Pour l'électricité, l'énergie primaire est égale à l'énergie servant à la produire. En vertu des lois de la physique – cycles de Carnot et lois de la thermodynamique –, deux tiers de cette énergie sont dissipés en chaleur dans les centrales thermiques et la consommation finale de 1 kilowattheure d'électricité mobilise presque 3 kilowattheures d'énergie au niveau de la production. On retient conventionnellement le chiffre de 2,58, appelé « coefficient de conversion », cohérent avec le rendement des turbines actuelles.
Cependant, une contrainte réglementaire fondée exclusivement sur l'énergie primaire risque d'opérer un découplage entre la réduction de la consommation d'énergie et l'autre objectif majeur du Grenelle de l'environnement qu'est la lutte contre les émissions de gaz à effet de serre.

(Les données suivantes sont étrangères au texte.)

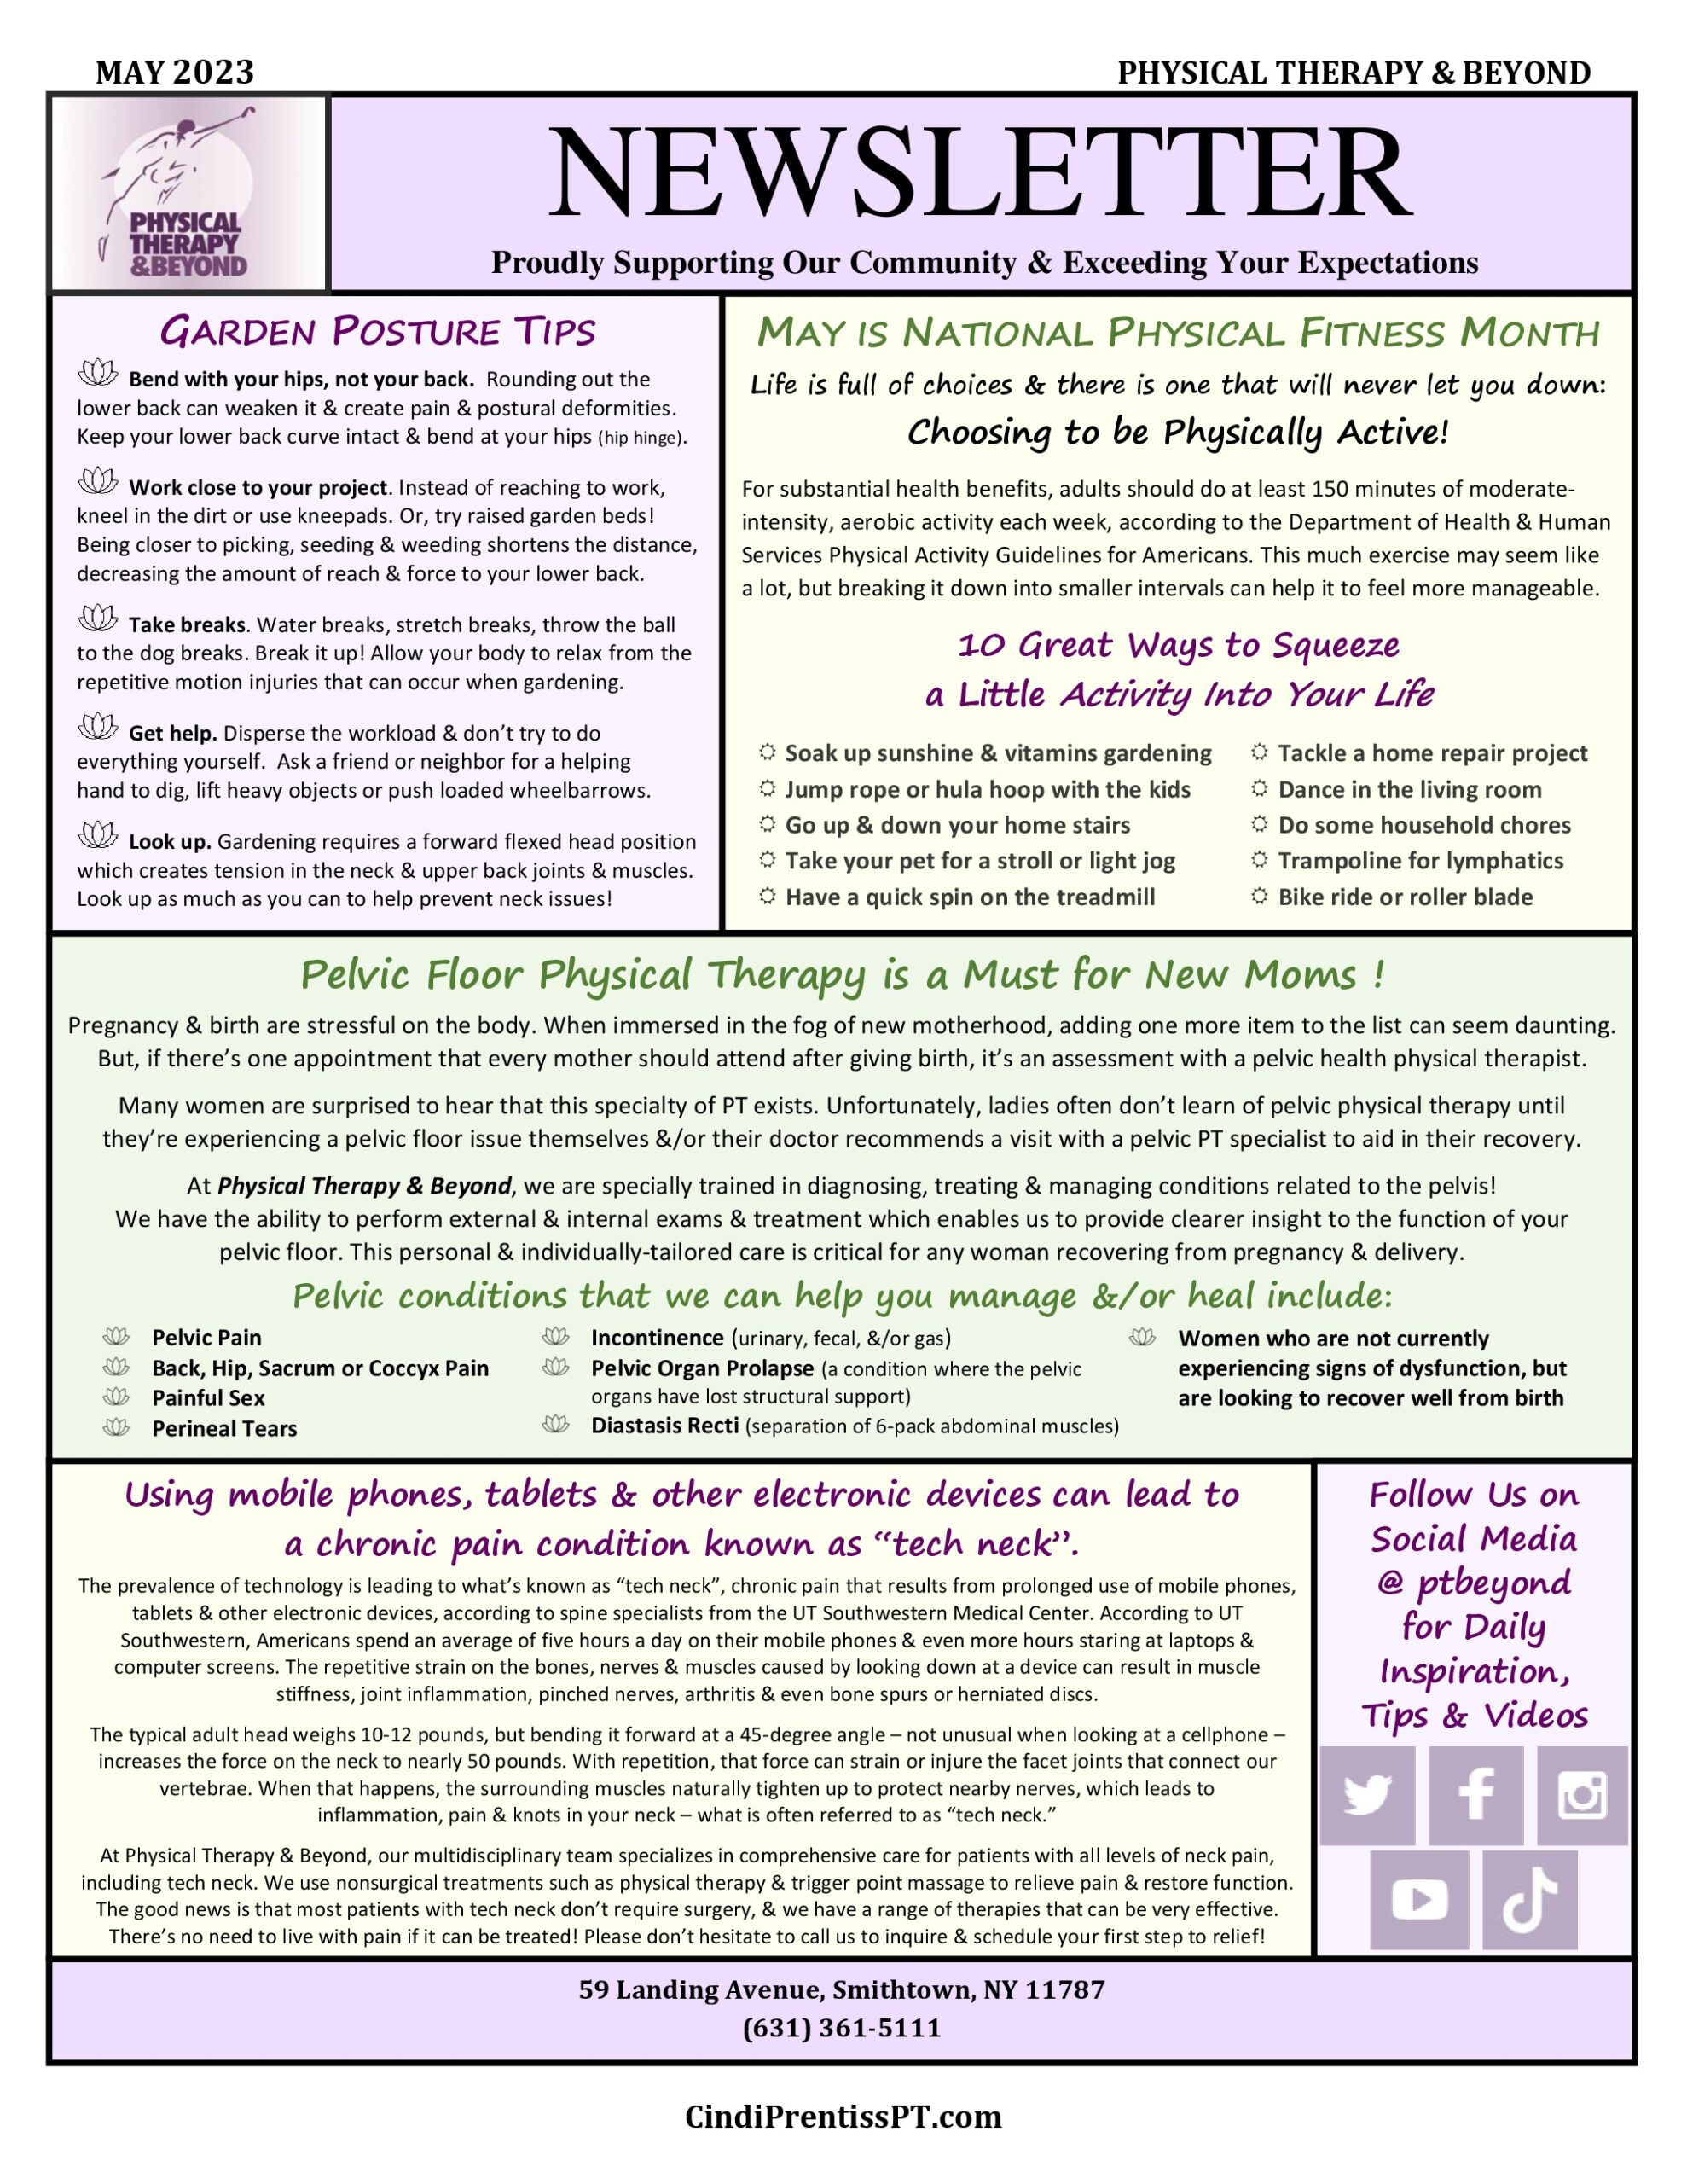 Physical Therapy & Beyond May 2023 Newsletter
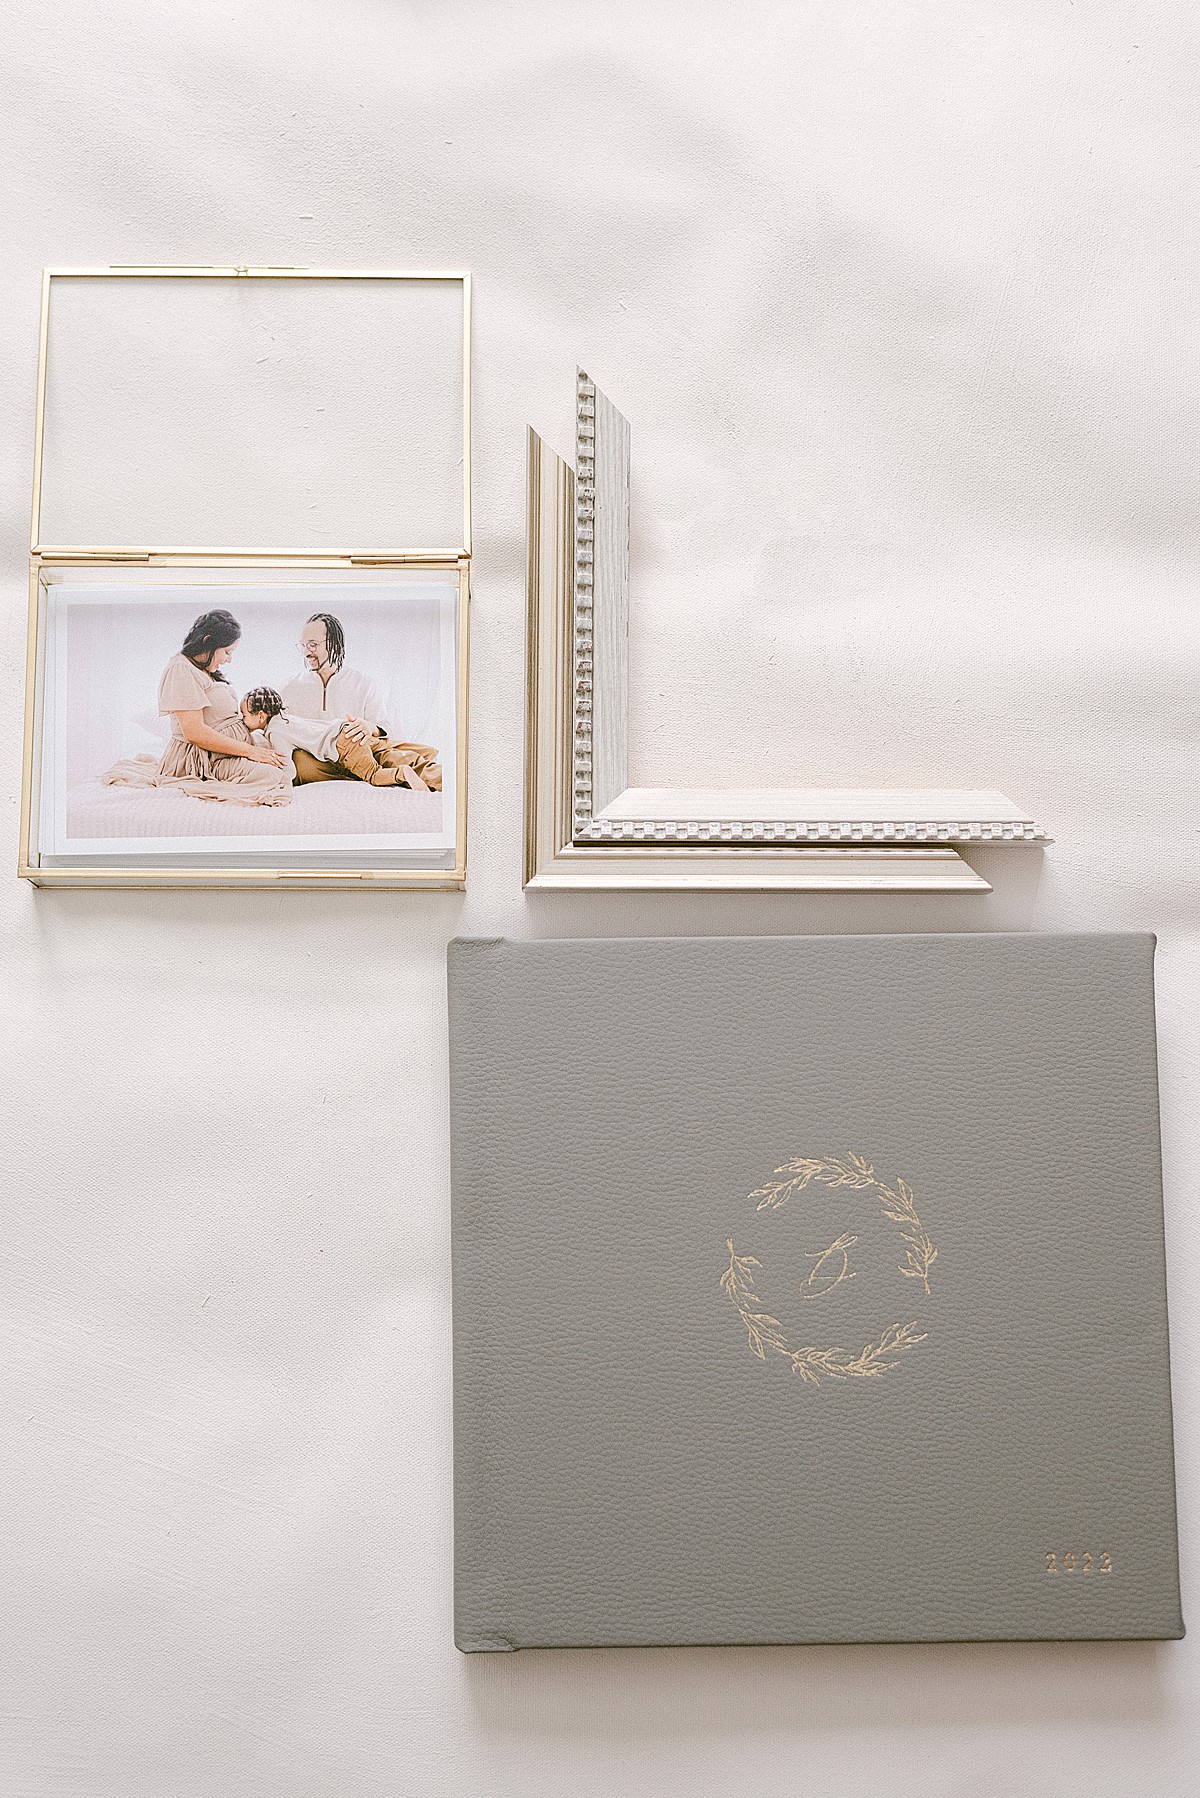 printed proofs in gold glass keepsake box next to heirloom album and frame moldings designed by scottsdale az photographer

En effet, à configuration technologique inchangée, la consommation moyenne d'un chauffe-eau électrique pour une famille de quatre personnes dans un logement de 100 mètres carrés est de 55 kilowattheures par mètre carré et par an en énergie primaire, contre 21 kilowattheures par mètre carré et par an pour un chauffe-eau à gaz, ce qui signifie que l'application stricte de la norme des 50 kilowattheures par mètre carré et par an évince totalement les équipements électriques classiques des constructions neuves.
La mission confiée à l'OPECST consistait à définir les conditions de mise en oeuvre de la norme, grâce à une « modulation » – selon le projet de loi – permettant d'éviter l'éviction totale de l'électricité, qui aurait un effet contraire à l'objectif de réduction des émissions de gaz à effet de serre. Ce faisant, il convenait évidemment de promouvoir le recours aux énergies renouvelables, qui apportent une contribution essentielle à la lutte contre le changement climatique.
Deux questions annexes étaient également posées par le législateur, l'une sur la nécessité d'adapter ou non le coefficient de conversion de l'électricité, l'autre sur l'évaluation de l'impact économique du nouveau dispositif d'encadrement énergétique pour les constructions. La polémique est intense sur ces sujets, mais l'OPECST a préféré prendre du champ. Conformément aux méthodes usuelles de travail de l'OPECST, nous nous sommes entourés d'un comité de pilotage qui nous a procuré le renfort des meilleurs spécialistes du secteur du bâtiment – le Conseil scientifique et technique du bâtiment (CSTB) et le Programme de recherche et d'expérimentation sur l'énergie dans le bâtiment (PREBAT), ainsi que de l'Académie des technologies, qui a réalisé en mars 2008 une étude sur l'efficacité énergétique dans les bâtiments. M. Claude Crampes, professeur d'économie à l'université de Toulouse, M. Jean Carassus, ancien directeur du département économie et sciences humaines du CSTB, ont fourni au comité de pilotage l'apport des sciences humaines, complément désormais indispensable à toute approche d'ordre technologique.
Nous avons également pris contact avec le terrain, procédant à l'audition de soixante-cinq acteurs des secteurs concernés et effectuant cinq déplacements en France : à Houilles, dans les Yvelines pour visiter la « maison écologique » de M. Bruno Comby, à Lyon et à Saint-Priest pour voir des bâtiments « Effinergie », à Grenoble pour rencontrer les ingénieurs du projet « Homes » chez Schneider, à Angers et à Orléans pour visiter le siège de l'ADEME et le centre de recherche « Castor et Pollux » de Promotelec. Trois voyages à l'étranger nous ont en outre permis de rencontrer des responsables de Minergie en Suisse, de visiter les quartiers Vauban et Rieselfeld à Fribourg-en-Brisgau, en Allemagne, puis le quartier BedZed à Londres.